== Records for this exercise

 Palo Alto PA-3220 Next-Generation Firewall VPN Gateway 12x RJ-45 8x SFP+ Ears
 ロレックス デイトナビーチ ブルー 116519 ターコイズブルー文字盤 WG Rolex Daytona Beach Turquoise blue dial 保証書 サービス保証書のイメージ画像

====
== Records for this exercise

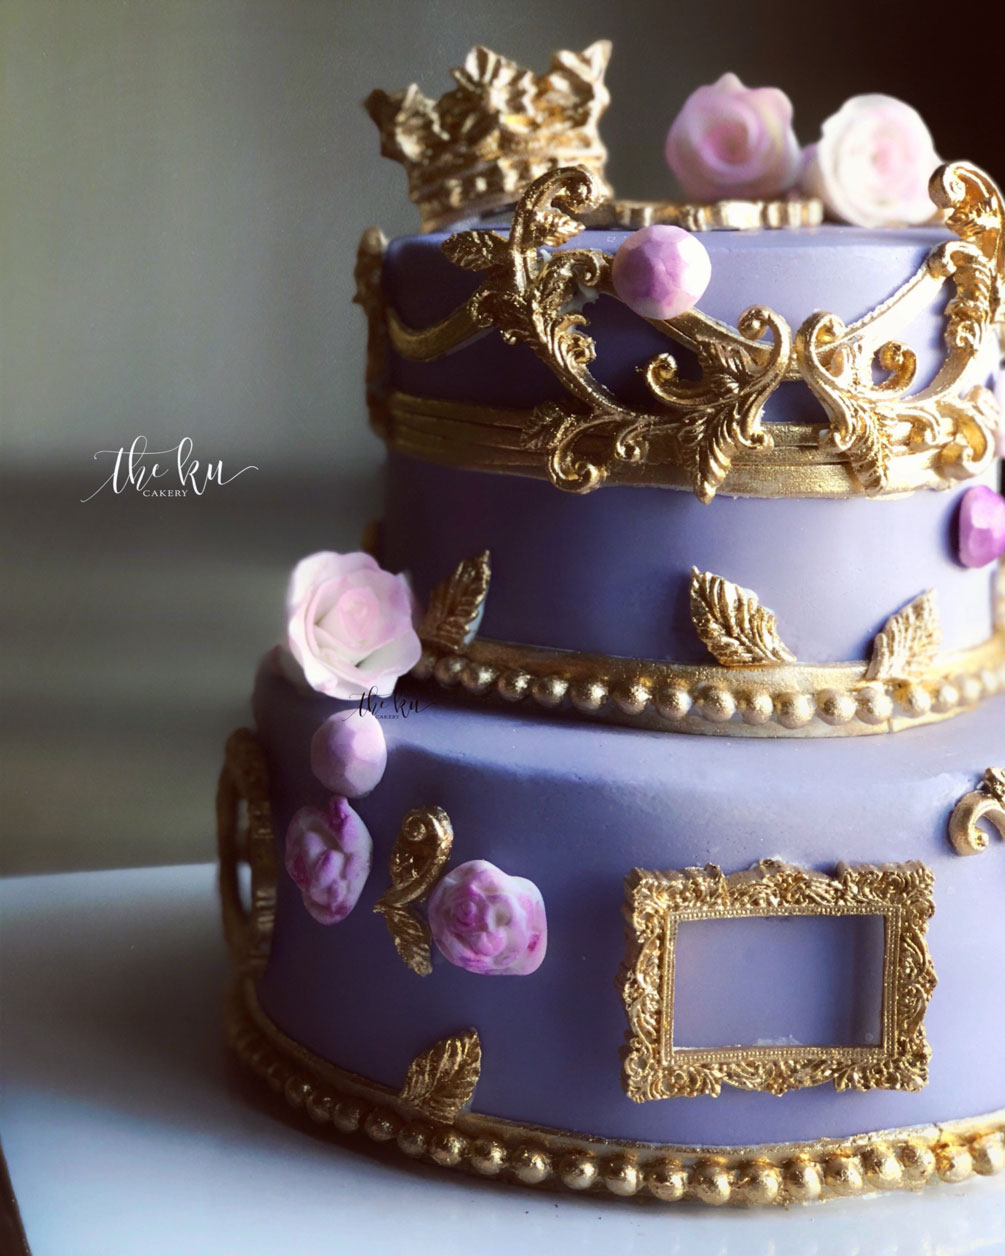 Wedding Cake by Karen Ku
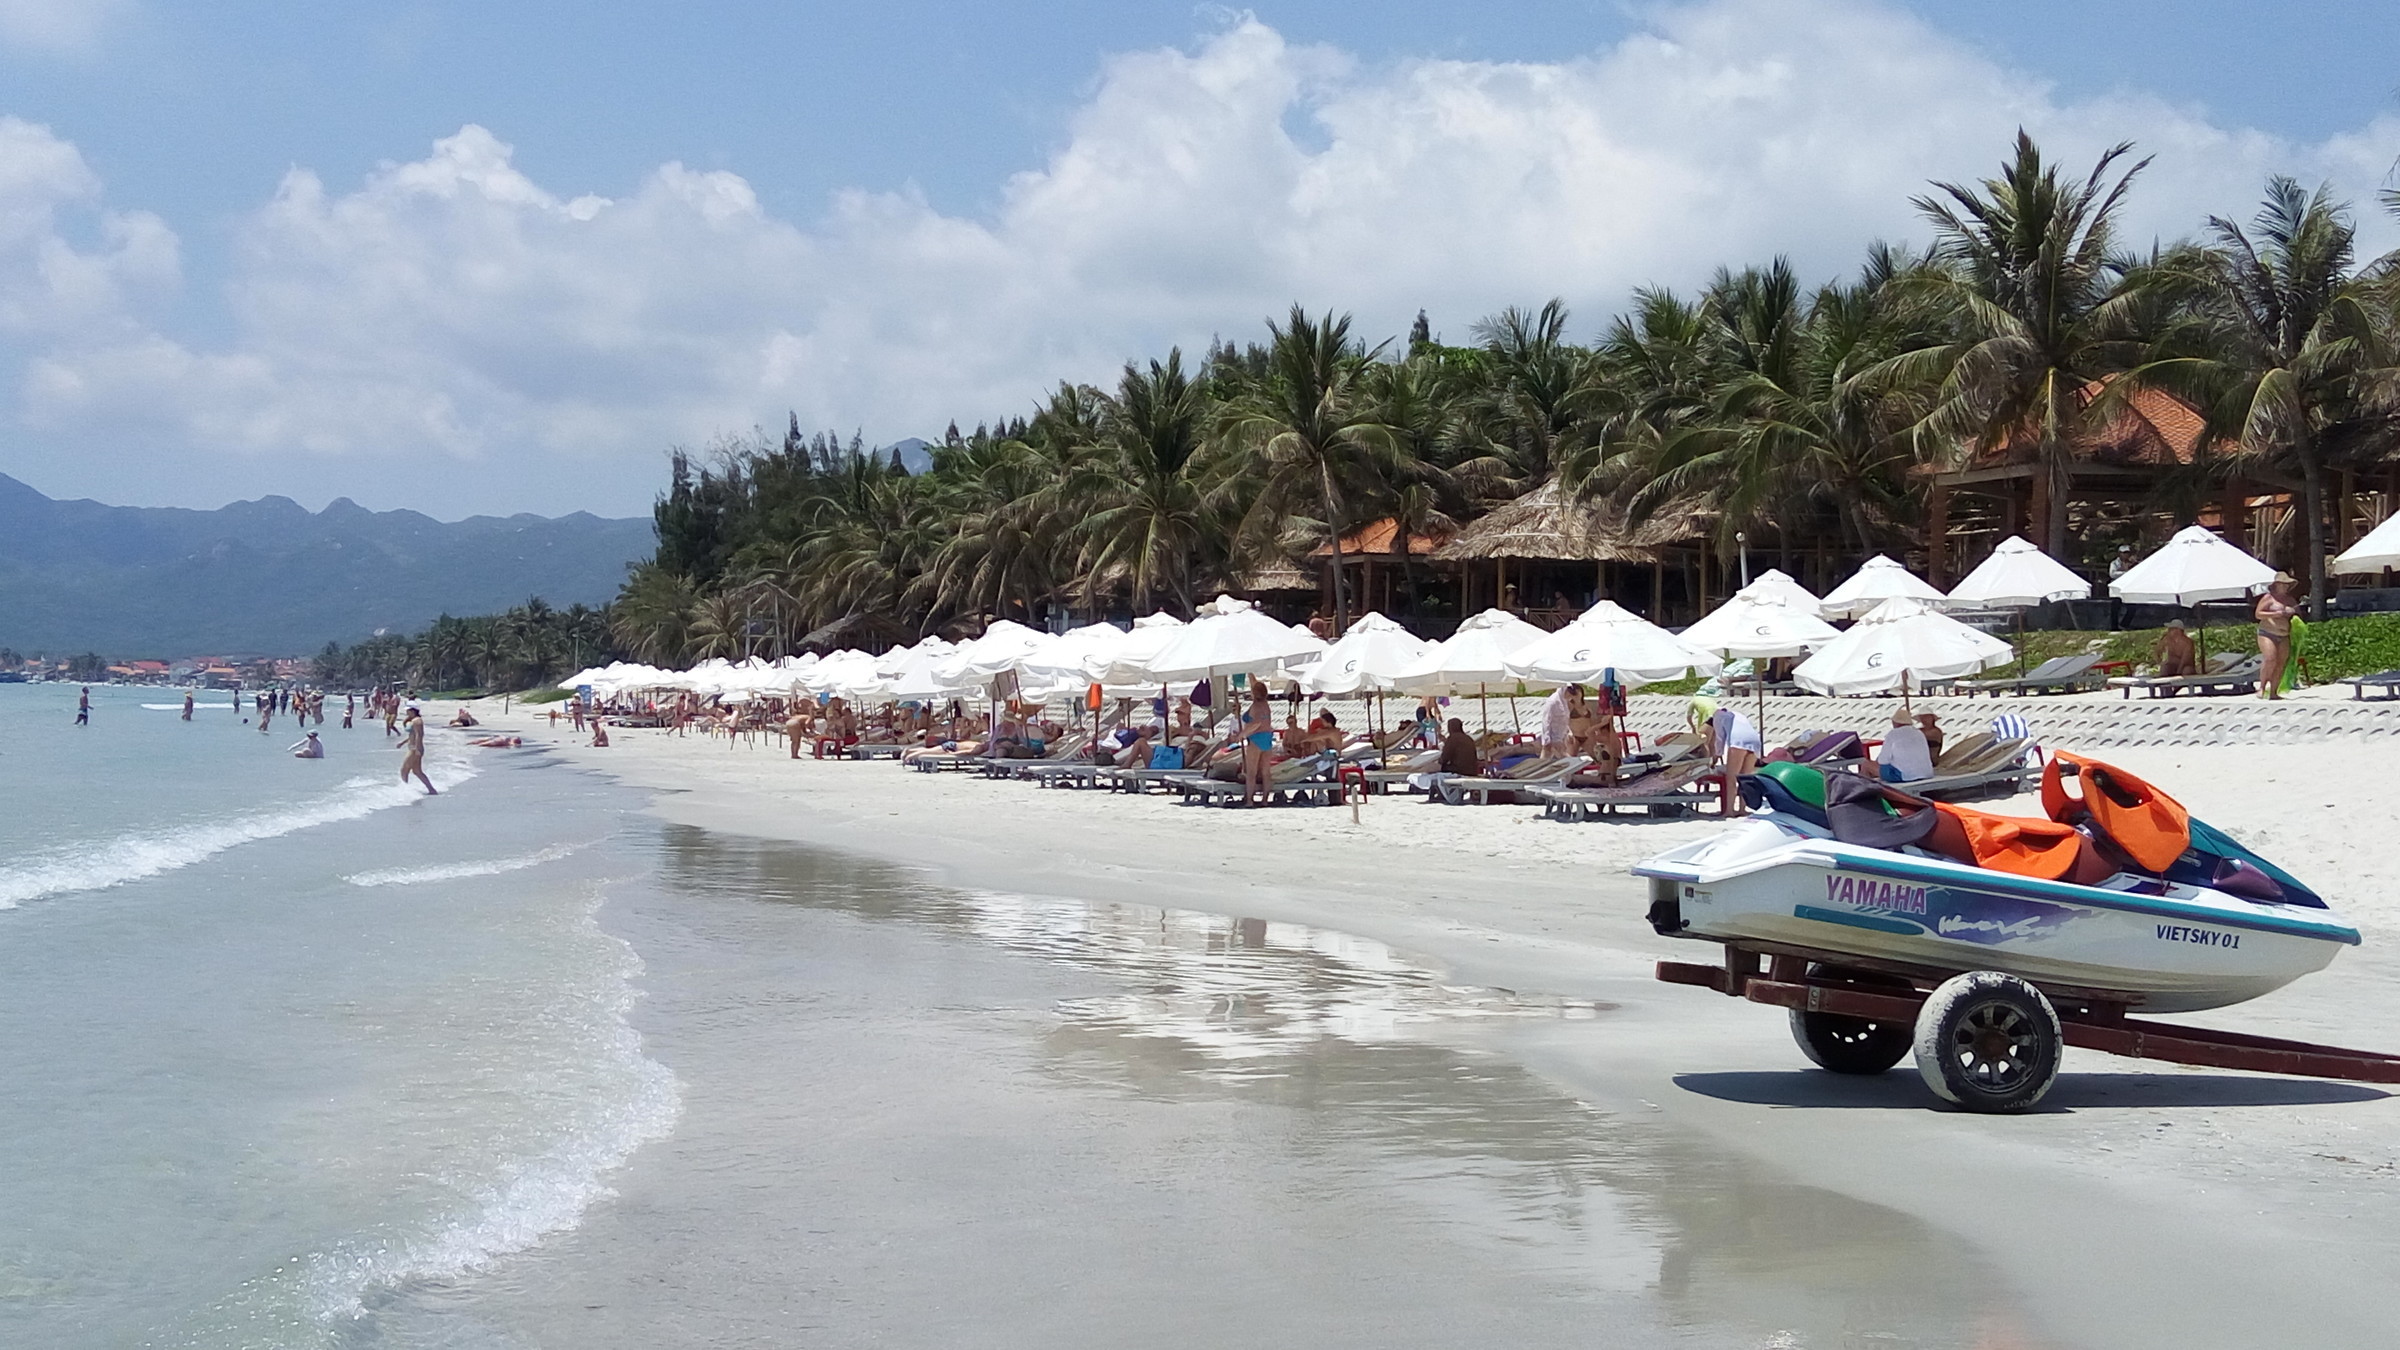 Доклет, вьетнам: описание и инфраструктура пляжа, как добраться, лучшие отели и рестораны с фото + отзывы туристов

====

**Task objective**
The response should hold exactly the lines starting at the line with "Palo Alto PA-3220" and ending at the line with "ロレックス デイトナビーチ ブルー", and no other line of the material above.

**Output for this task**
 Palo Alto PA-3220 Next-Generation Firewall VPN Gateway 12x RJ-45 8x SFP+ Ears
 ロレックス デイトナビーチ ブルー 116519 ターコイズブルー文字盤 WG Rolex Daytona Beach Turquoise blue dial 保証書 サービス保証書のイメージ画像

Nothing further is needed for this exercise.